# SUPPLIED INFORMATION:
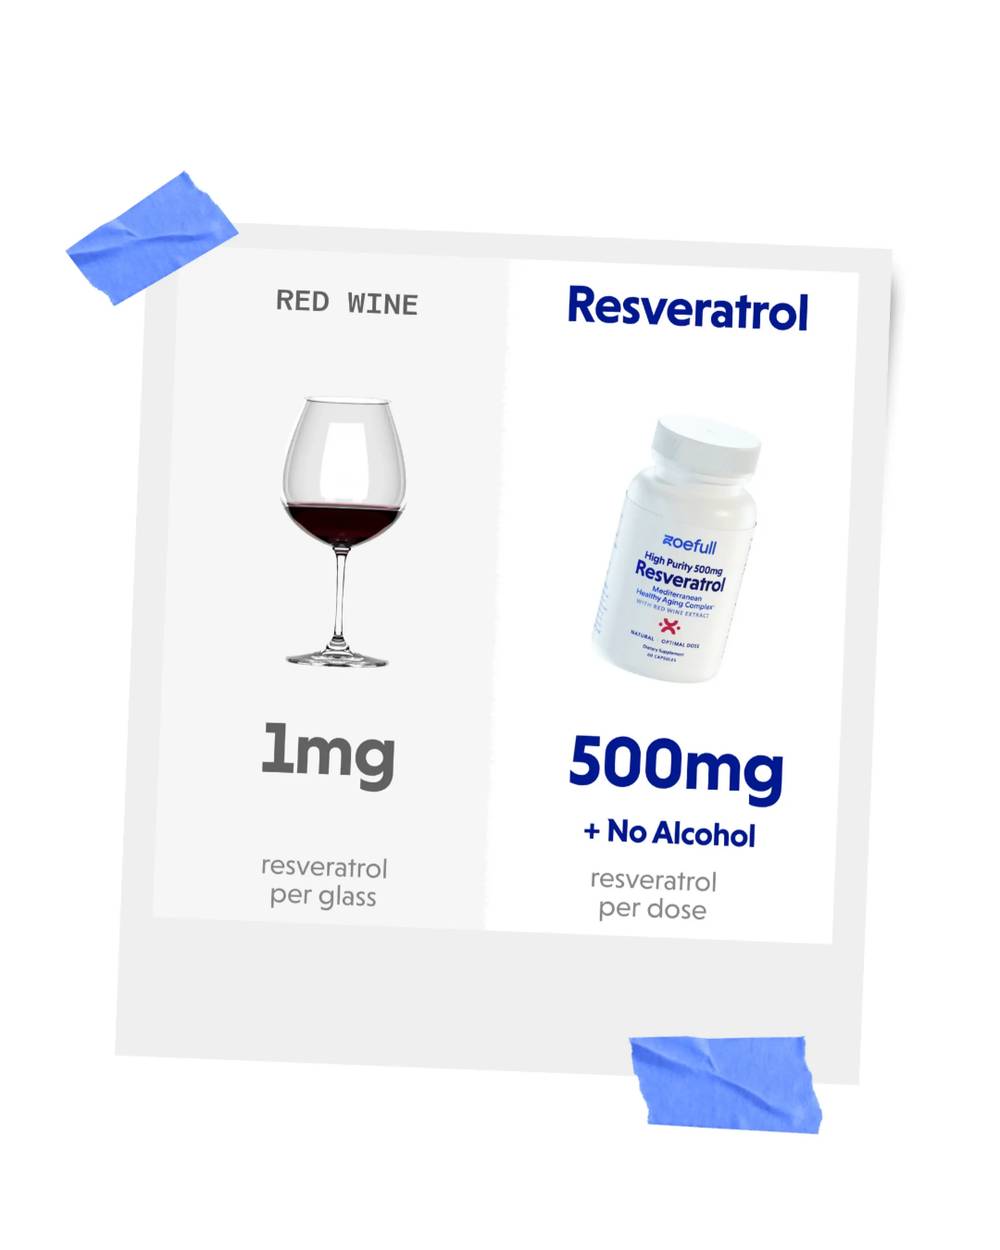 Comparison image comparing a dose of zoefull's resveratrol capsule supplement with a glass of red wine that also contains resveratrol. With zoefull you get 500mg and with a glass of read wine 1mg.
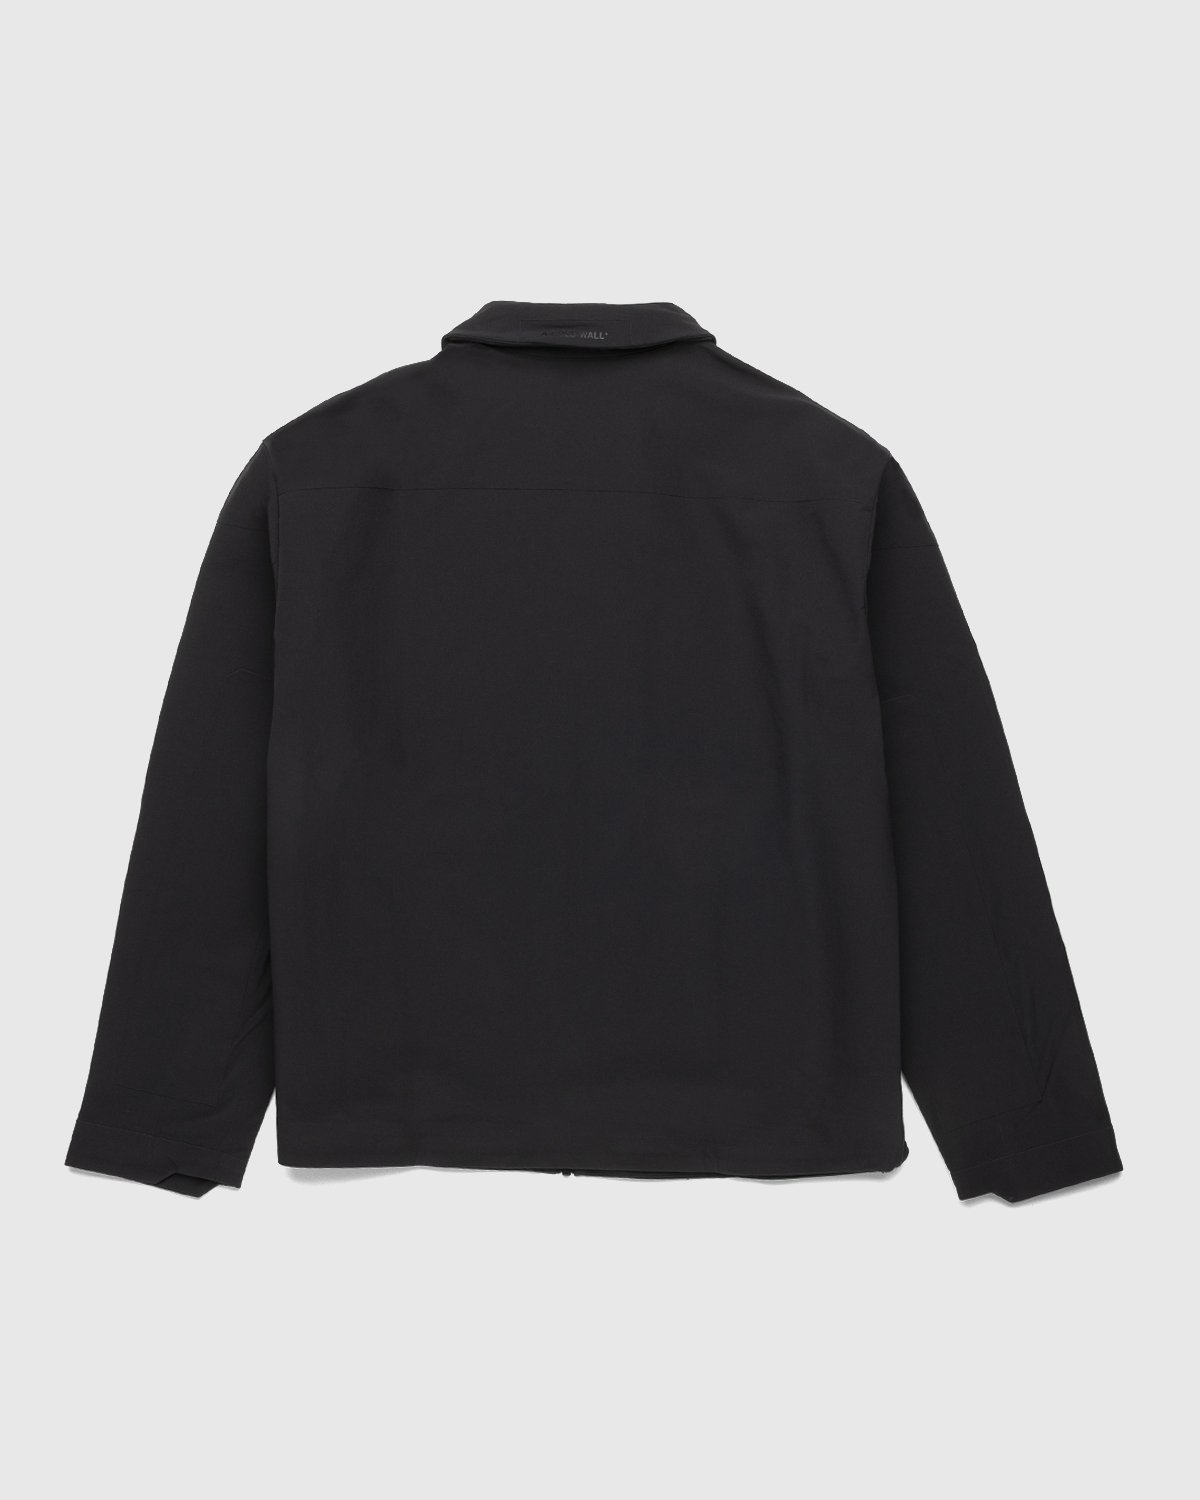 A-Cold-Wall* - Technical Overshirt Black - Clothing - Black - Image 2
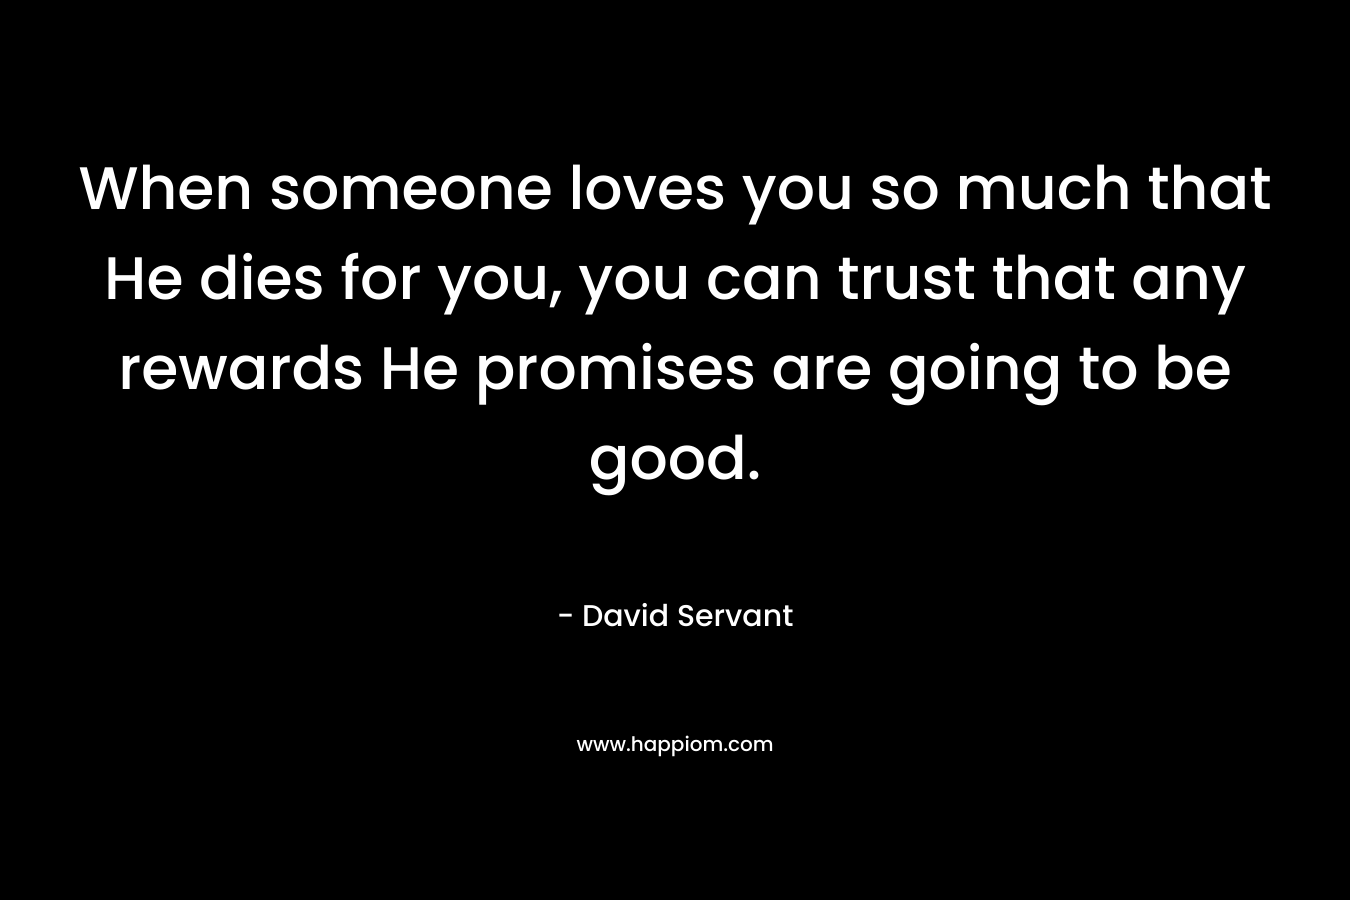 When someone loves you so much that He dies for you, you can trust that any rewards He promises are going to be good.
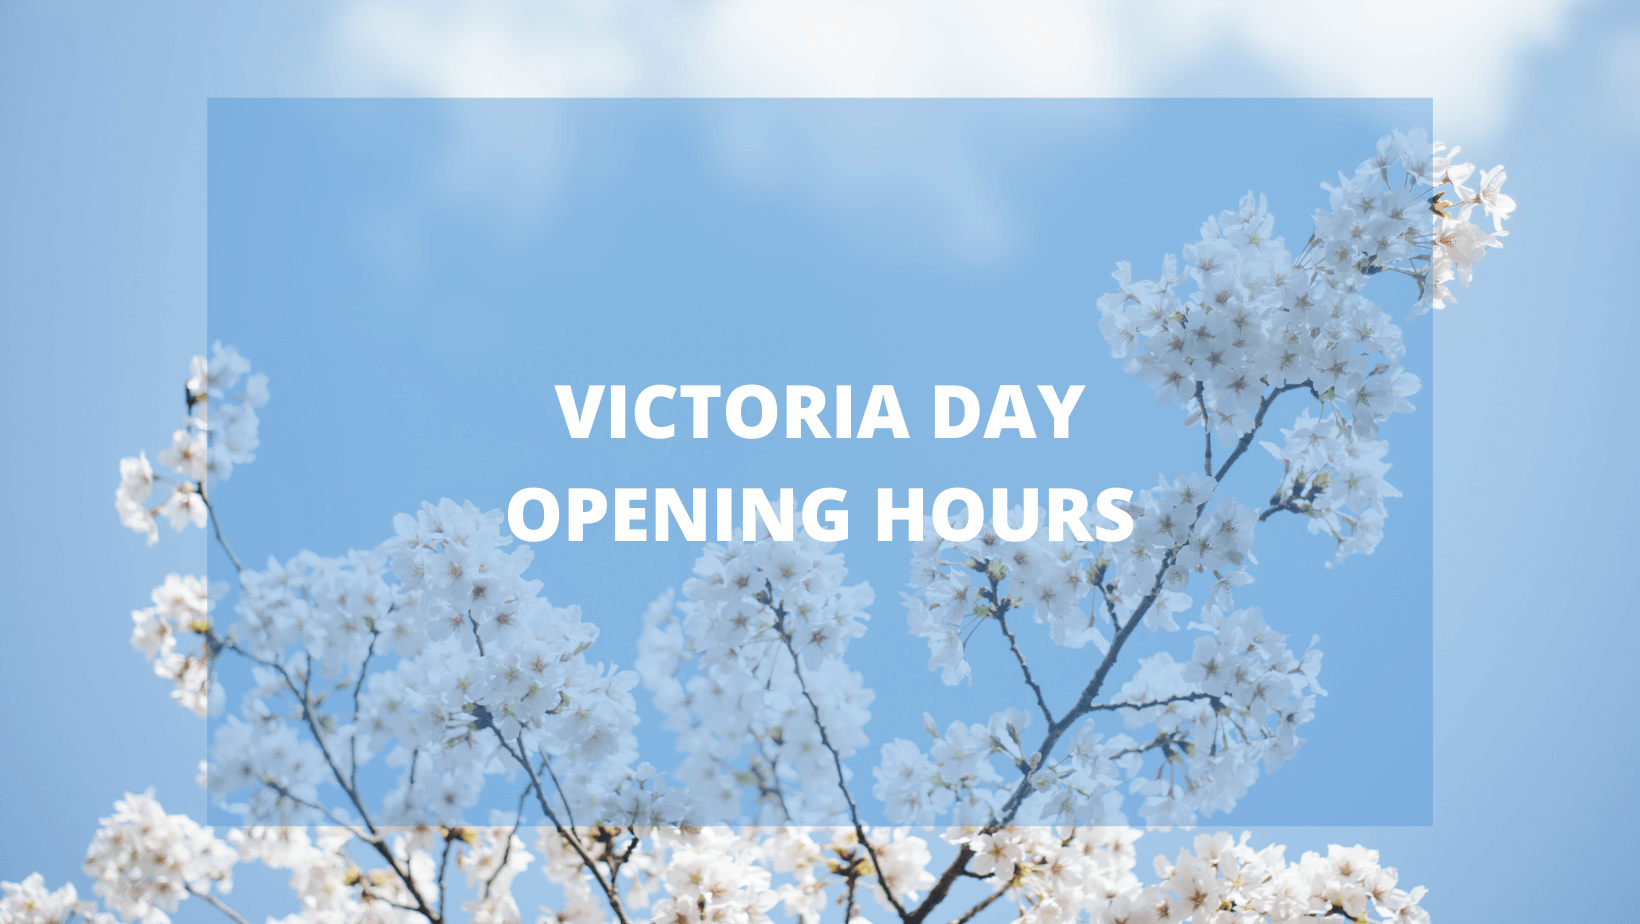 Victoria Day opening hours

# REQUIRED ACTION:
Beginning with the line that bears "A-Cold-Wall* - Technical", output each line through the last line of the listing exactly, and no others; skip the pictures.

# ANSWER FOR THE TASK:
 A-Cold-Wall* - Technical Overshirt Black - Clothing - Black - Image 2
 When someone loves you so much that He dies for you, you can trust that any rewards He promises are going to be good.
 Victoria Day opening hours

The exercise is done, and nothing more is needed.